Head of the Catholic Church from 1523 to 1534

Pope Clement VII (Clemens VII; Clemente VII; born Giulio di Giuliano de' Medici; 26 May 1478 – 25 September 1534) was head of the Catholic Church and ruler of the Papal States from 19 November 1523 to his death on 25 September 1534. Deemed "the most unfortunate of the popes", Clement VII's reign was marked by a rapid succession of political, military, and religious struggles—many long in the making—which had far-reaching consequences for Christianity and world politics.

Elected in 1523 at the end of the Italian Renaissance, Clement came to the papacy with a high reputation as a statesman. He had served with distinction as chief advisor to Pope Leo X (1513–1521, his cousin), Pope Adrian VI (1522–1523), and commendably as gran maestro of Florence (1519–1523). Assuming leadership at a time of crisis, with the Protestant Reformation spreading, the Church nearing bankruptcy, and large foreign armies invading Italy, Clement initially tried to unite Christendom by making peace among the many Christian leaders then at odds. He later attempted to liberate Italy from foreign occupation, believing that it threatened the Church's freedom.

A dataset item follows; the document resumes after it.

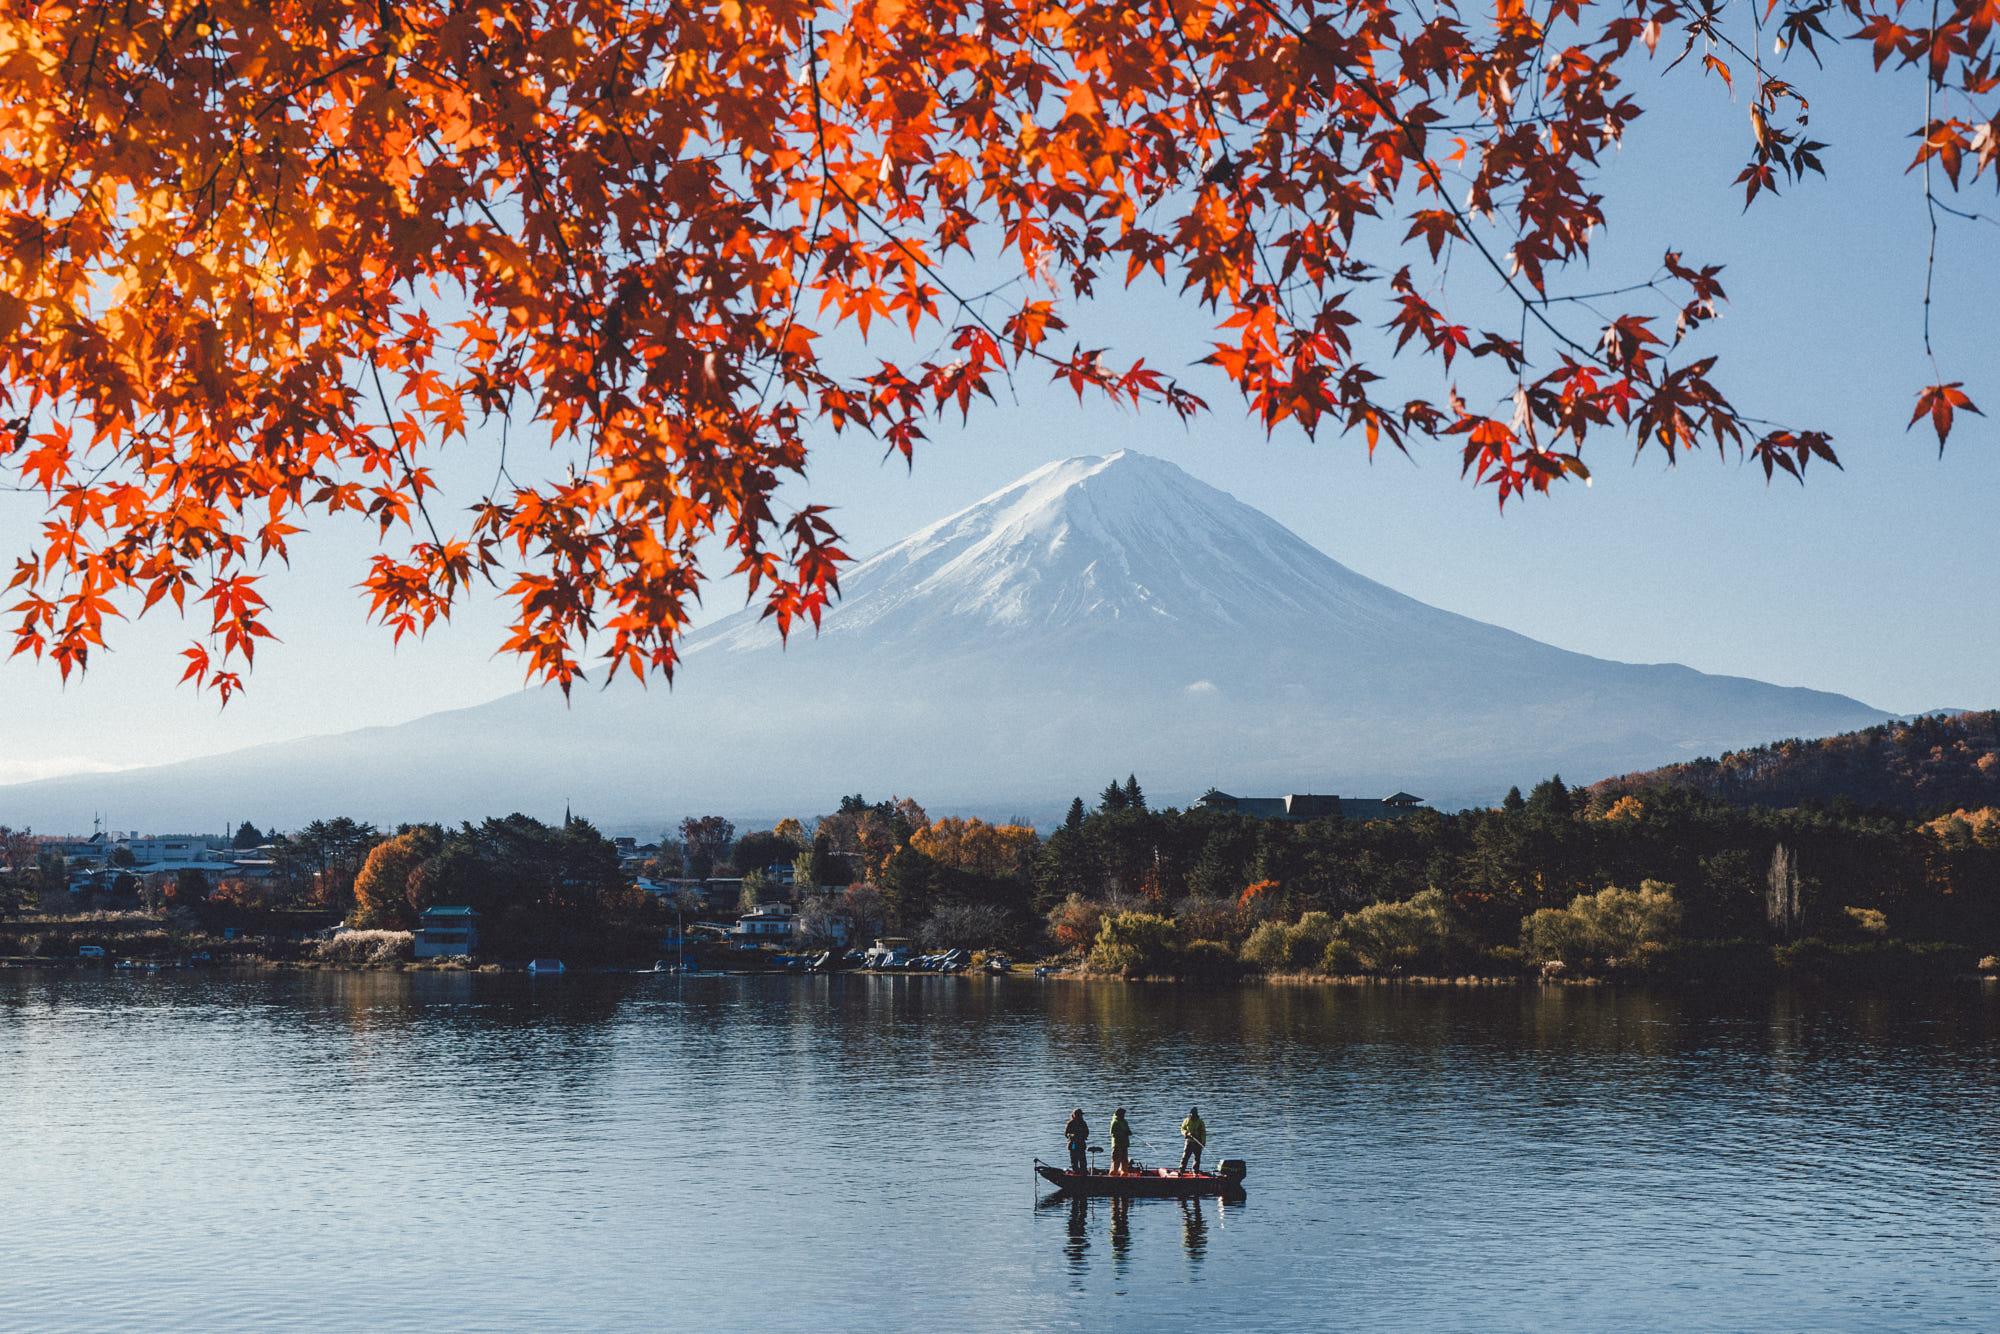 General 2000x1334 fall landscape Japan Lake Kawaguchiko Mount Fuji
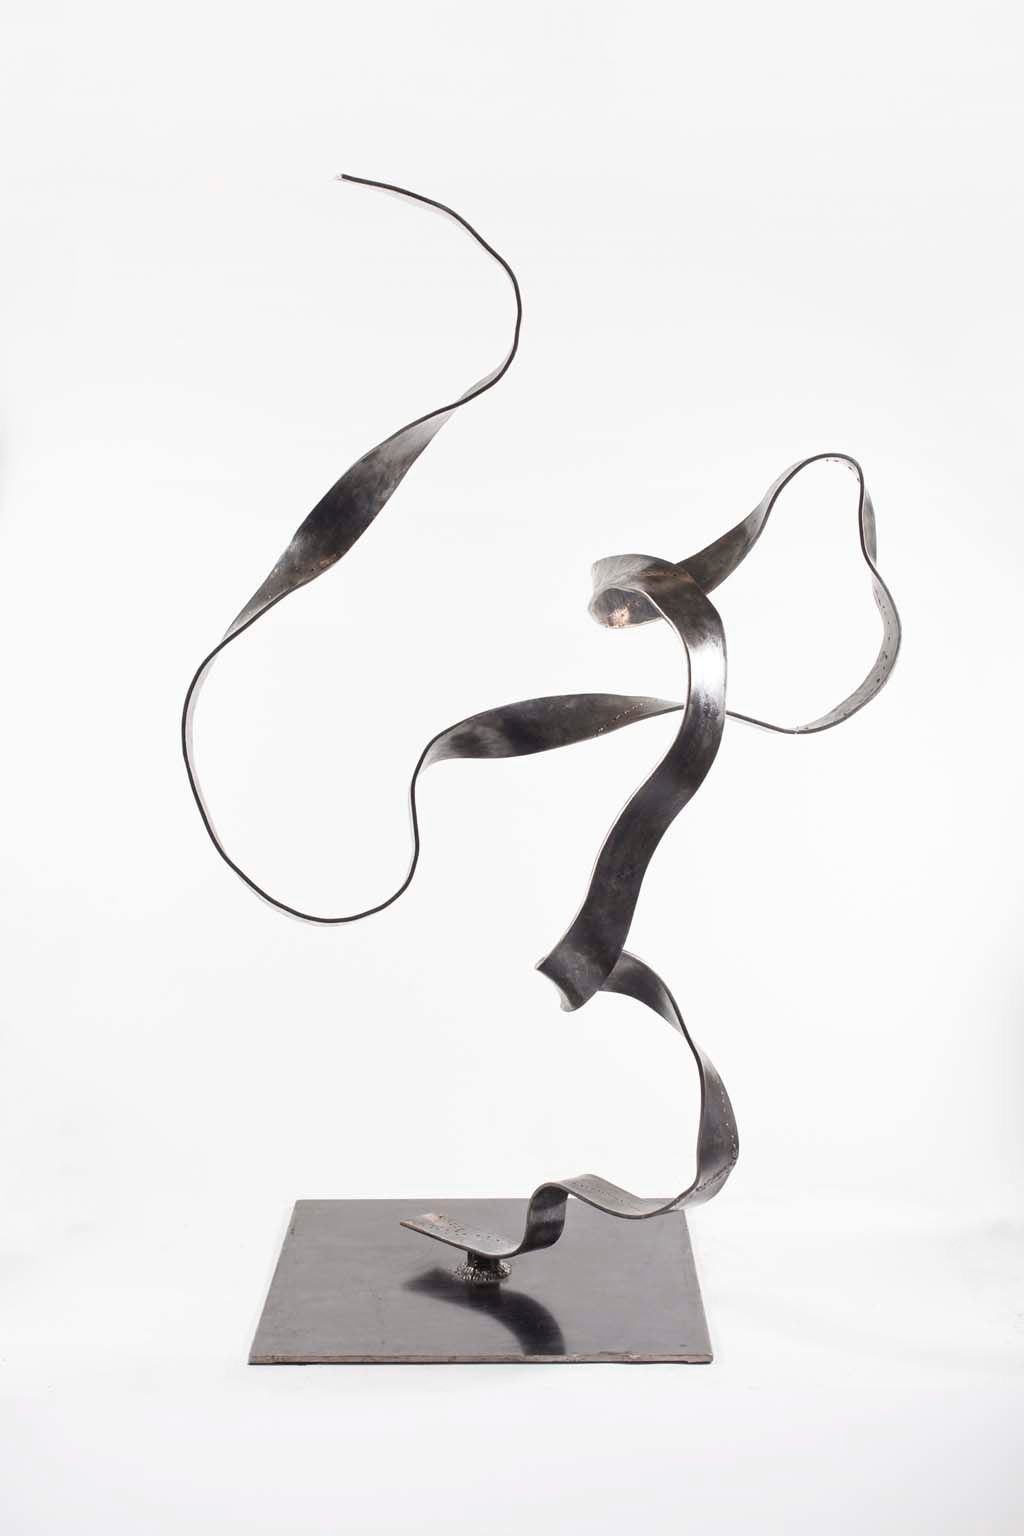 Oblivion VI |2016 | Iron & brass Sculpture| 160x120x110 cm | Rami Ater

The complex political situation of the 1520s repeatedly thwarted Clement's efforts. He inherited unprecedented challenges, including Martin Luther's Protestant Reformation in Northern Europe; a vast power struggle in Italy between Europe's two most powerful monarchs, Charles V of the Holy Roman Empire and Francis I of France, each of whom demanded that the Pope choose a side; and Turkish invasions of Eastern Europe led by Suleiman the Magnificent. Clement's problems were exacerbated by souring relations with Charles V in 1527, which led to the violent Sack of Rome, during which Clement was imprisoned. After escaping confinement in the Castel Sant'Angelo, Clement—with few economic, military, or political options remaining—compromised the Church's and the Papal States' independence by allying with his former enemy, Charles V. His difficulties continued during Henry VIII of England's contentious effort to annul his marriage, resulting in England breaking away from the Catholic Church.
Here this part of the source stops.